Nor are English leaders strangers to the metronomic beat of the libido; they are just more discreet and proper about it than the French libertines that populate the elites — or so we are told. When King Edward VII was dying, his wife, Queen Alexandra, sent a car to fetch his last mistress, society beauty Alice Keppel, to the king’s deathbed to bid the British monarch farewell. Very considerate — and no doubt a most touching scene. If you had bothered to ask the queen about it, I’m sure she would have said it was the civilized thing to do. Bluebloods back then and perhaps even today revolved around an unquestioned acceptance that power has privileges and those who were married to the throne or its heirs dutifully and reticently bowed to the royal prerogative.

This is no doubt also true for the political elite. After becoming the most unlikely of sex symbols, Secretary of State Henry Kissinger observed that power is the ultimate aphrodisiac. Indeed, one high-placed dignitary blamed his infidelities on all the temptations he had to face from adoring women. Ignoring the self-serving narcissism, there might be something to this as opportunity is often more important than inclination when one is unfaithful. There are enough men out there who see no difference between monogamy and monotony but do not have the occasion or the means to sample the forbidden fruits of variety.
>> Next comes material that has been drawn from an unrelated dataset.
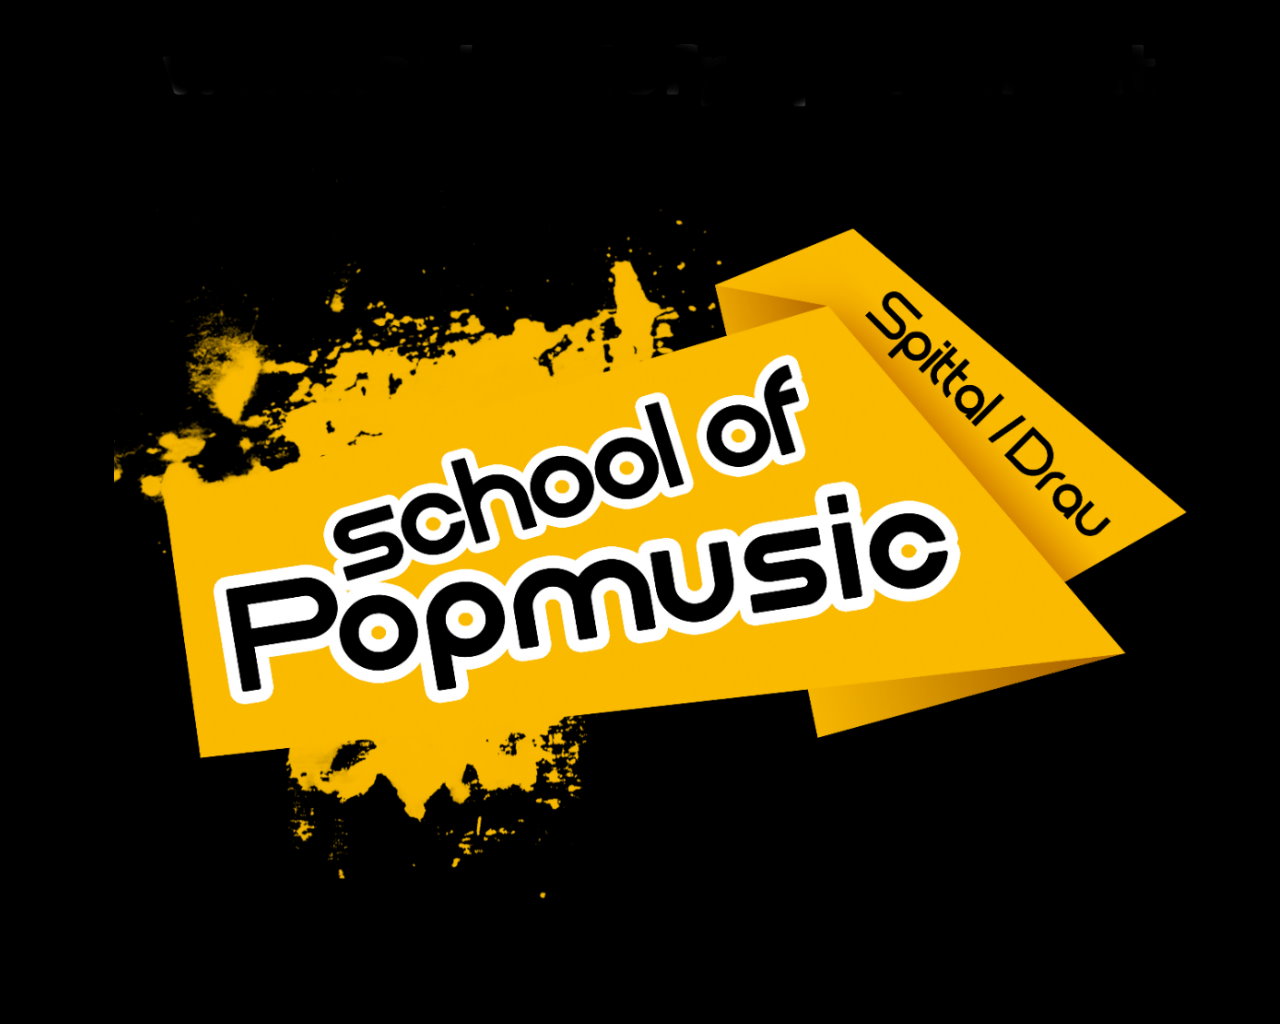 Bilder School of Popmusic Spittal, S.O.P. - Büro S. Petritz / Unterricht Koschatstraße 42- Eingang Badgasse 5

Nevertheless, adultery, no matter how you slice it, is a crime against marriage for both the ordinary and the powerful. But we shouldn’t particularize libidinous behavior as being French or European. We don’t need a genealogy search to know that there isn’t a drop of French blood coursing through Arnold Schwarzenegger’s veins or for that matter Newt Gingrich or John Edwards.

So while sanctity is most heroically demonstrated in direct proportion to the level of temptation it confronts, we must remember that even the saintly avoided the occasion of sin (which is why they were saints), and everything I have seen and know tells me that most men are not angels. Religious scruples, having children and the civilized influence of women may rein in the polygamous instinct, but I’ll end with this advice one elderly woman got from her grandmother: “Never trust a horse, a gun or a man.” If she was alive today to read the headlines she might hastily add, “and not necessarily in that order.”